Copy out precisely the line that holds "Side Squib RHDLC3 DTC B0110/43" and all the lines following it in the data, up to and including the last one, and no others.

- _Working data_
****************************************
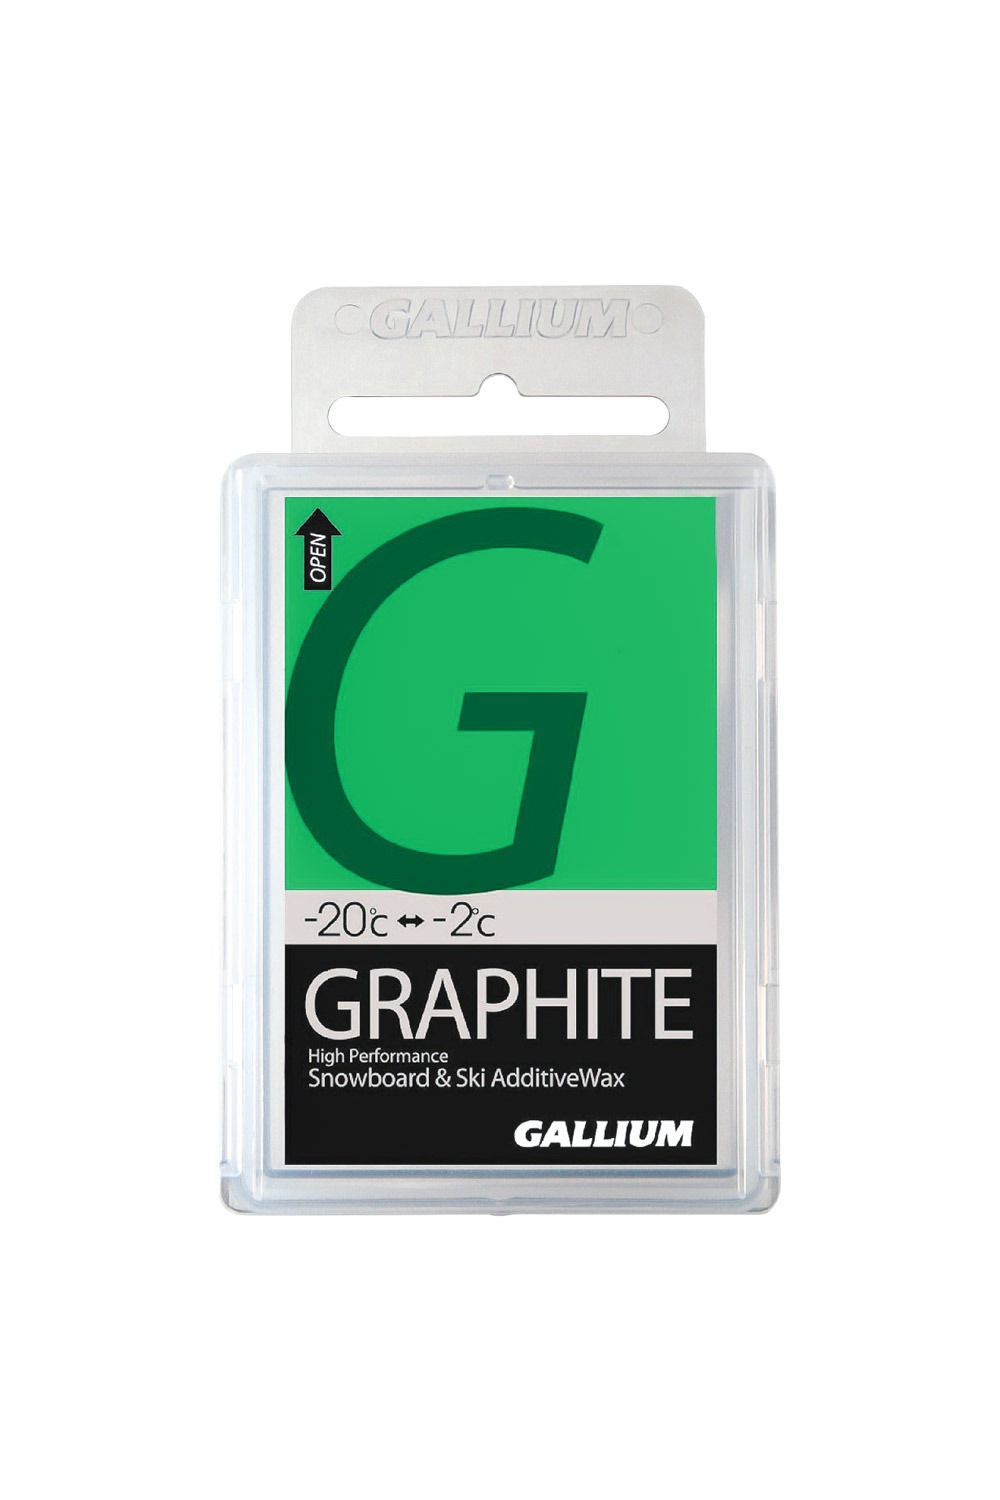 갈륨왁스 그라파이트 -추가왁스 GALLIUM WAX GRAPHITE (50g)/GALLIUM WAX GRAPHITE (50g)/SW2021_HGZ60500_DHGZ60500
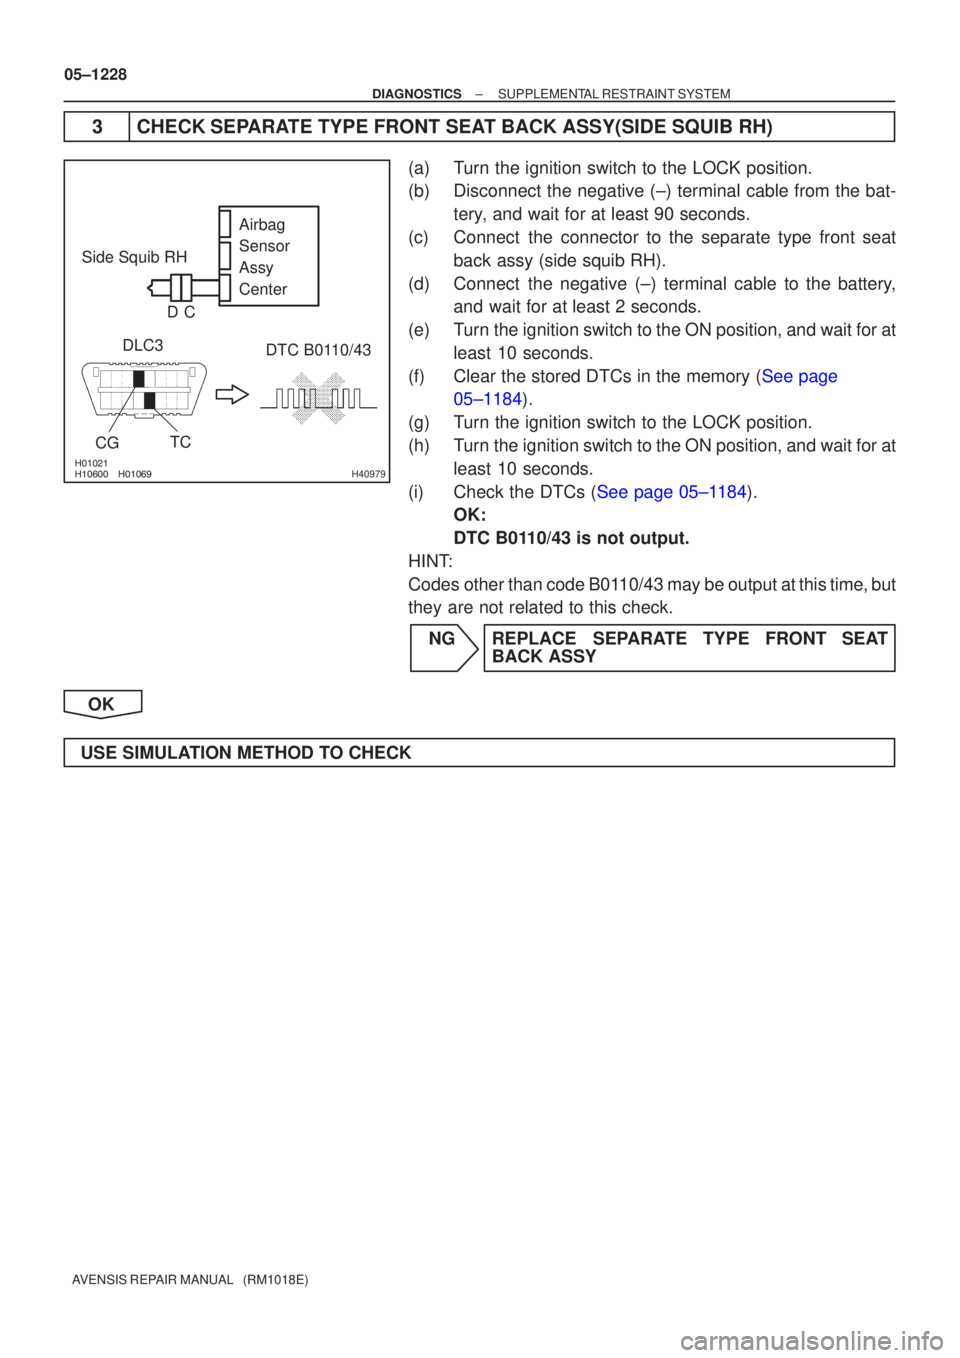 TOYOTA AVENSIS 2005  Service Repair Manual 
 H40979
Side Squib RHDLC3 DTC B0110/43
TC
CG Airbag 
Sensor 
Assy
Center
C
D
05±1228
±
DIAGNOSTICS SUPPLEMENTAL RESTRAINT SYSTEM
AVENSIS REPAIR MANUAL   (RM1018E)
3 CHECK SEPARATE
****************************************
- _Output_
Side Squib RHDLC3 DTC B0110/43
TC
CG Airbag 
Sensor 
Assy
Center
C
D
05±1228
±
DIAGNOSTICS SUPPLEMENTAL RESTRAINT SYSTEM
AVENSIS REPAIR MANUAL   (RM1018E)
3 CHECK SEPARATE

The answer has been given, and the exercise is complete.